Ric Knowles. Shakespeare and Canada: Essays on Production, Translation, and Adaptation.
Susan Bennett1 What is it with Shakespeare and Canada? Somehow this has become a relationship that obsessively captures the imagination not just of the scholarly community, but of our national media. Witness the recent flurry of interest in Colm Feore's performance as Cassius on Broadway. The marquee of the Belasco Theater reads "Denzel Washington" above "Julius Caesar"—a celebrity-driven hailing of its audience that elides Shakespeare and certainly Canada. But in an interview with Feore in The Globe and Mail, Canada's national newspaper, and in the inaugural "Scene" segment for The National, the jewel in the crown of the Canadian Broadcasting Corporation, there is a determined belief that Feore, as one of the Stratford Festival's most distinguished Shakespeareans, brings a credibility to the Broadway production. Further, as Kamal Al-Solaylee puts it in his review for The Globe & Mail ("Burying Caesar with faint praise,"April 14, 2005, R4), "[i]n a cast of 30, the closest anyone in this production comes to distilling a sense of Bard-like authority and vigour is Feore, who towers above his co-players like Gulliver on a day trip to Lilliput." Feore's performance is, the media would tell us, important for Canada. And it is this sensibility, simply put, that is Knowles's project in Shakespeare and Canada.
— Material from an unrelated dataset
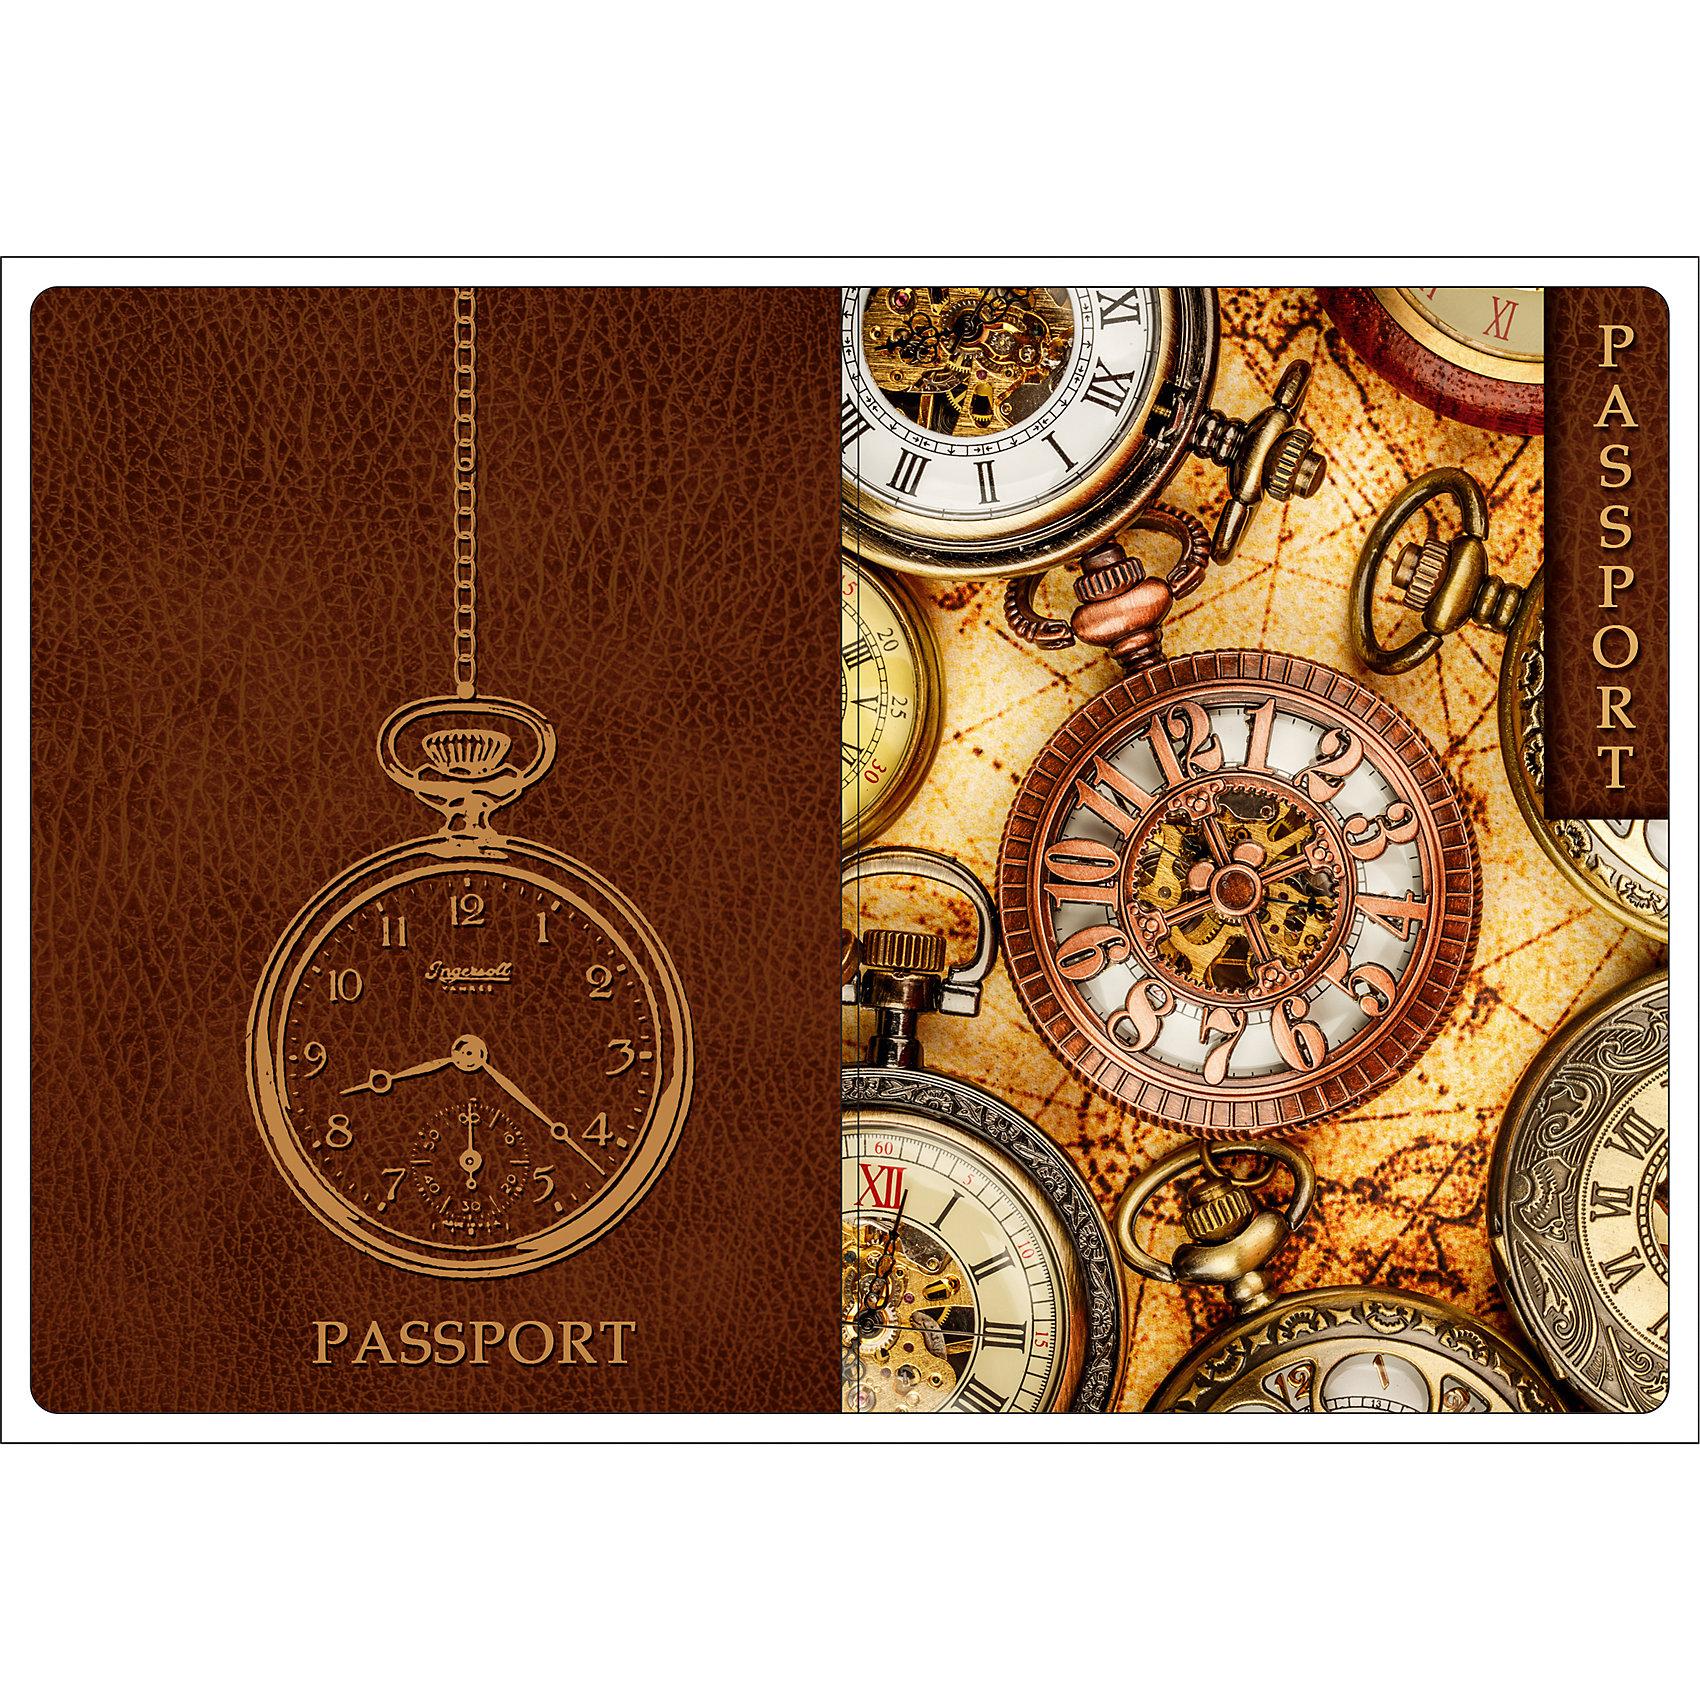 Обложка для паспорта Хронографы, Феникс-ПрезентВ дорогу<br>Обложка для паспорта Хронографы, Феникс-Презент<br><br>Характеристики:<br><br>• оригинальный дизайн<br>• высокая прочность<br>• размер: 13,3х19,1 см<br>• материал: ПВХ<br><br>Оригинальная обложка для паспорта всегда будет радовать вас своей красотой. Кроме того, она подойдет в качестве подарка. Обложка Хронографы изготовлена из качественного прочного ПВХ, устойчивого к износу. На обложке изображены различные часы с хронографами.<br><br>Обложку для паспорта Хронографы, Феникс-Презент вы можете купить в нашем интернет-магазине.<br><br>Ширина мм: 133<br>Глубина мм: 191<br>Высота мм: 50<br>Вес г: 31<br>Возраст от месяцев: 168<br>Возраст до месяцев: 2147483647<br>Пол: Унисекс<br>Возраст: Детский<br>SKU: 5449584

2 Knowles's book, appearing as the eighth volume in Peter Lang's "Dramaturgies" series (under the general editorship of Marc Maufort), provides a fascinating account of cultural "coattailing" (166) in its insistence in moving from the familiar investigative stance of "Shakespeare in Canada"to the more exploratory "Shakespeare and Canada." As Knowles explains: "I want to consider the two terms of my title as both shifting and mutually constitutive" (12). This volume comprises an introduction and six chapters, all of which have been previously published in oral and print versions in a range of venues, along with a brief Epilogue that allows not just for careful reflection on the work completed but a meditation on that yet to be done. This is no ordinary retrospective collection of essays, however, but something that is so much more important as a whole, gathered through time and bringing together a needed interrogation of the proliferated "Shakespeare in Canada" scholarship, cultural material analyses of Shakespearean production, multi-/inter-cultural practice in Canadian and Québec contexts, and postcolonial theatre theory. Each essay works both with appropriate critical approaches and detailed case study to build a productive and often provocative take on the Shakespeare and Canada conundrum. A particular emphasis is the author's care to locate both himself and his project:This volume represents an attempt to engage in what Gayatri Spivak might call an historical analysis and critique of my own position and the script that history has written for me as a postcolonial settler/invader critic writing in "English," while focusing on some aspects of ongoing relationship between "Shakespeare" and national identity in "Canada." (26)This self-awareness never drops out of sight in a discussion that starts with the Stratford Festival and moves through Shakespeare in translation on the Québec stage, Robert Lepage and the auteur-director, to feminist and other rewritings of Shakespeare's plays.
3 Each of the three sections—on Stratford, on Québec, and on adaptation—provides, then, a detailed discussion of particular cases and texts. The chapters on the Stratford Festival are the oldest, originally written in the early 1990s, but much of what Knowles argues could easily be brought to bear on its 2005 season. The discussion of Shakespeare in Québec occasions "a re-theorizing of the theatrical directing of classical scripts, particularly Shakespeare, and particularly as performed in postcolonial contexts, as resistance" (71). And the final two chapters, on adaptation, allow for nuanced and useful readings of recent Canadian rewritings of Shakespeare's plays, many of which we regularly teach in our classes.
4 Equally powerful in this book is the subsidiary yet interlocu-tory narrative of Knowles's footnotes—a sub-structure that engages consistently, persuasively, and boldly with the precepts of theory, Canadian (theatre) culture, and the academy. For instance, powerful notes on facing pages (note 9 on page 74 and note 10 on page 75) take to task, justly, the American powerhouse Association for Theatre in Higher Education, the Shakespeare Association of America, Shakespeare Quarterly, and the Royal Shakespeare Company—a literally underlying critique that points, I think, to the necessity of Knowles's Shakespeare and Canada argument. It suggests, too, Knowles's own complex imbrications in scholarly fields and cultural practices that too often "efface historical and other difference by consuming the other as part of a universal 'us'" (25).
5 This is a book that no reader of Theatre Research in Canada dare ignore: Shakespeare may not be your primary research area, but it is here the occasion through which Knowles raises a range of questions for all of theatre studies in Canada. More importantly still, he proposes—and effectively so—a future terrain that only our collective diligence and interest can begin to address.